Chimamanda tells her story in the soft first person voice of fifteen year old Kambili, a nervous young girl, whose inner voice has been hushed until it is a mere whisper in the continuing noise of her father's superfluous devotion to the Catholic church, his conflicted love for his family and his strange and deviant ways of punishment. A visit to an aunt provides them with a new view of the twin cultures of contemporary and traditional Nigeria and releases them gradually from the silences they have kept inside the high walls of their father's house.
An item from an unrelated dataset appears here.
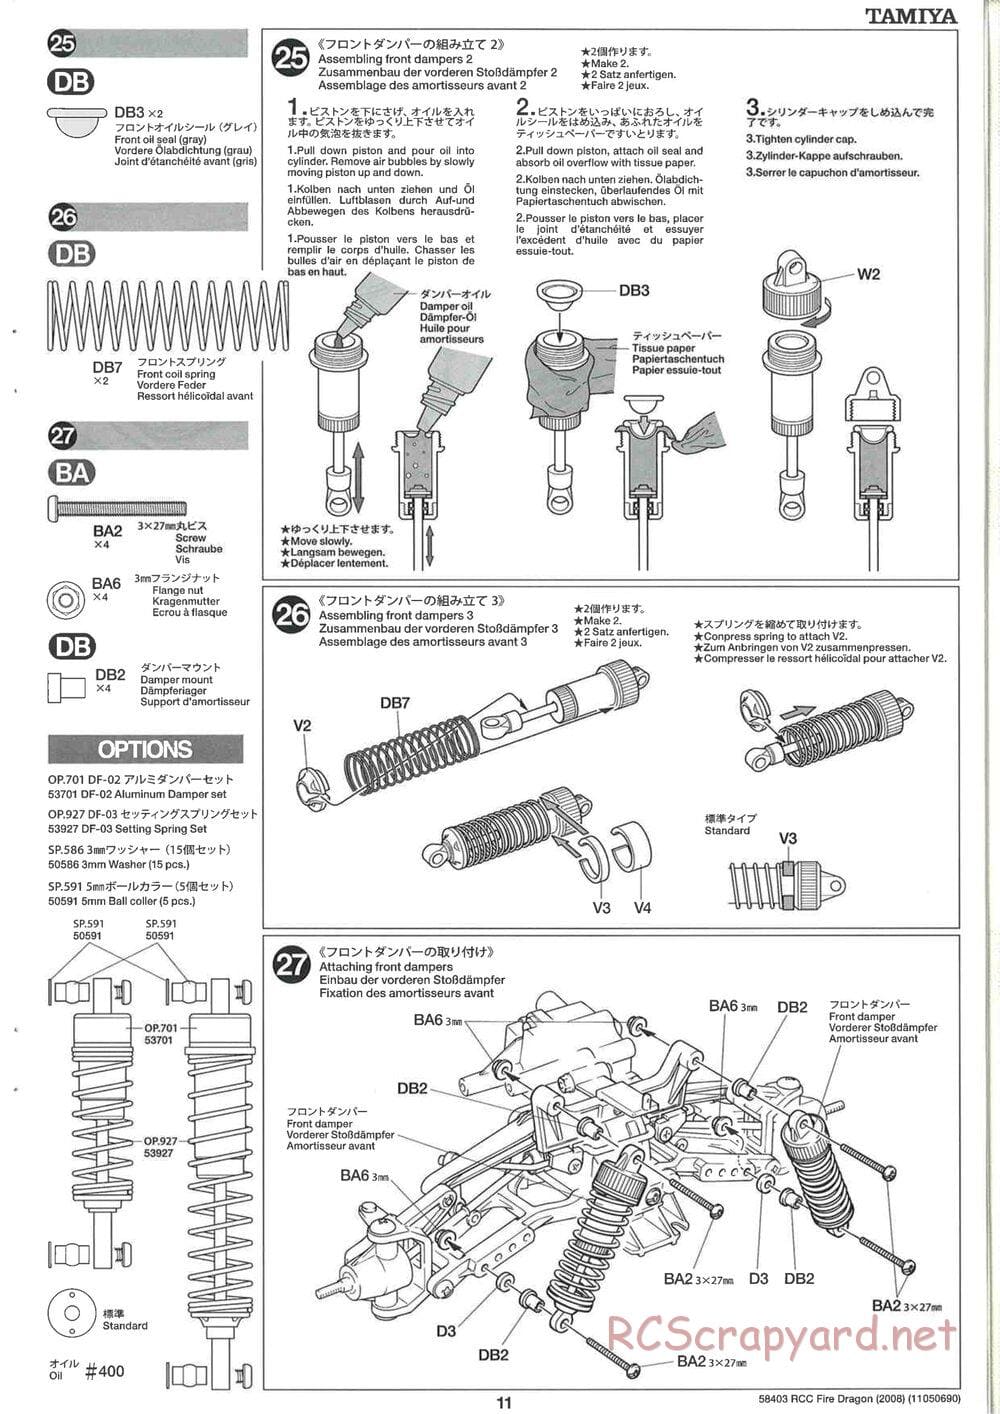 Tamiya - Fire Dragon 2008 - TS2 Chassis - Manual - Page 11

This book sings of freedom and a coming of age. It adresses the nature of the issues of our lives which are never black and white, but all kinds of conflicted greys, which we encounter as we try to negotiate the often layered and intersecting paths of love for family, loyalty, choice, tradition and responsibilty. Chimamanda's prose is engaging. Her setting comes alive before my eyes, making me smell frangipanis in my fledgling North American garden. She is understated for an African, while the story flows out easily, compelling the reader to follow her closely throughout the journey of this family. She has achieved excellence on her first novel and promises more. Her second book, "Half of a Yellow Sun" is on my table waiting to be devoured.